# [PowerPC] www/qt5-webengine build error : pkg-static: Unable to access file /usr/ports/www/qt5-webengine/work/stage/....  :No such file or directory,



## canardo (Dec 17, 2019)

Hi,

I get a strange problem when trying to build www/qt5-webengine

1) First I clean cache (I guess this is what 'make clean' does)

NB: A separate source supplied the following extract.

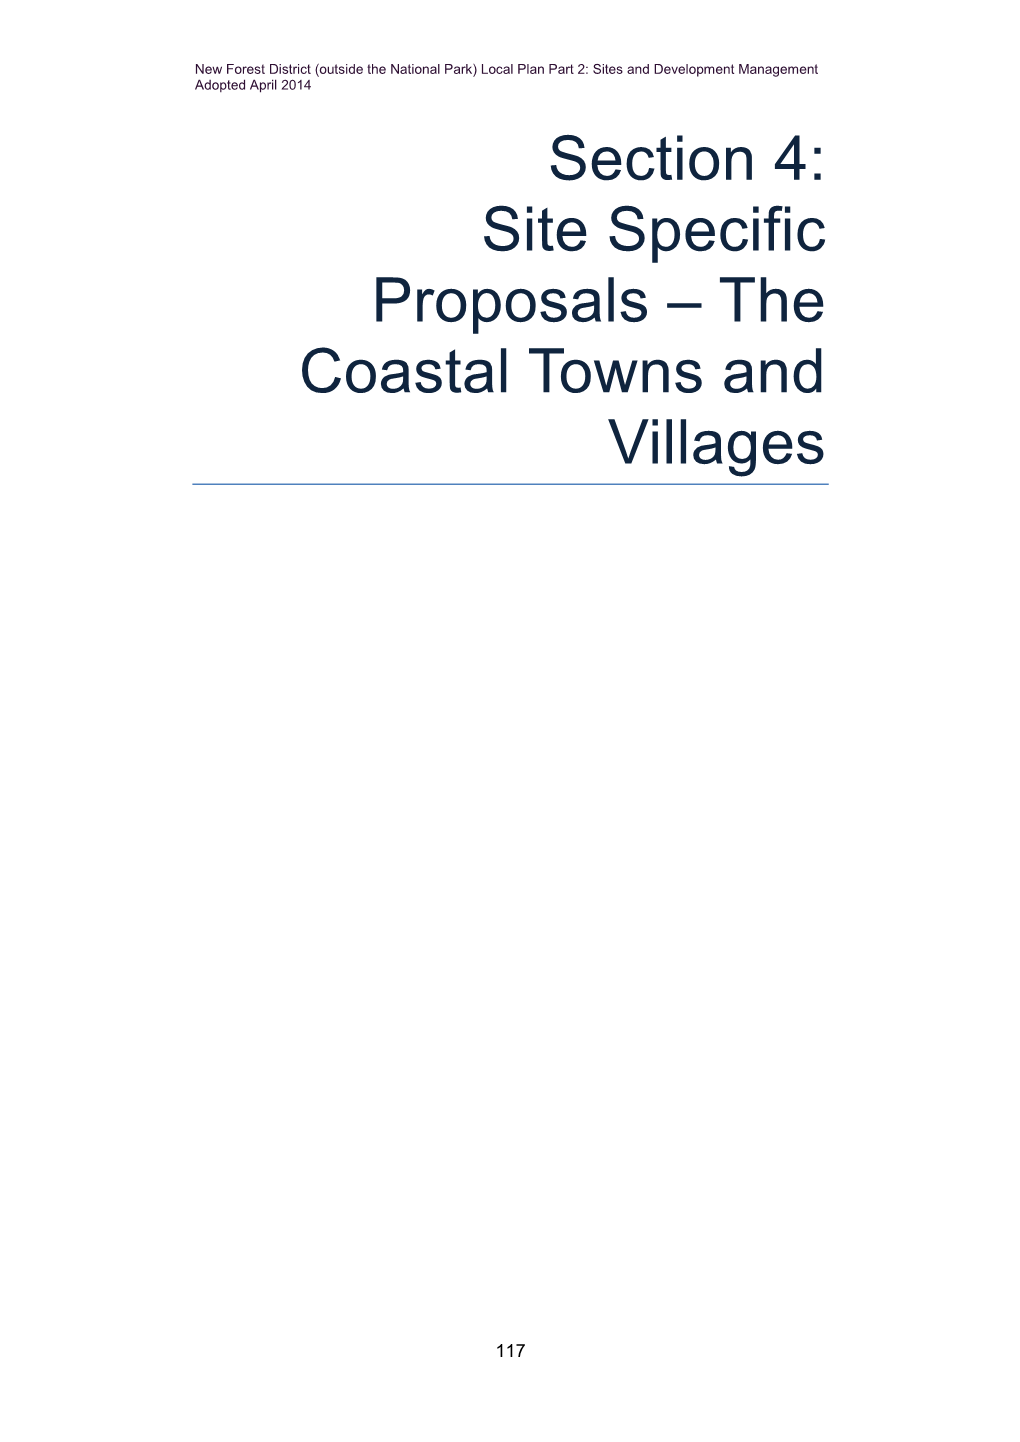 Section 4: Site Specific Proposals – the Coastal Towns and Villages

2) Then I run `make -DBATCH install clean`

3) It extracts files, then apply patches, then run config tests (as usual)

4) then I get this strange message

```
"Qt WebEngine on Linux requires clang or GCC.
QtWebEngine will not be built."
```
5) It starts "Building for qt5-webengine-5.13.2" (as expected)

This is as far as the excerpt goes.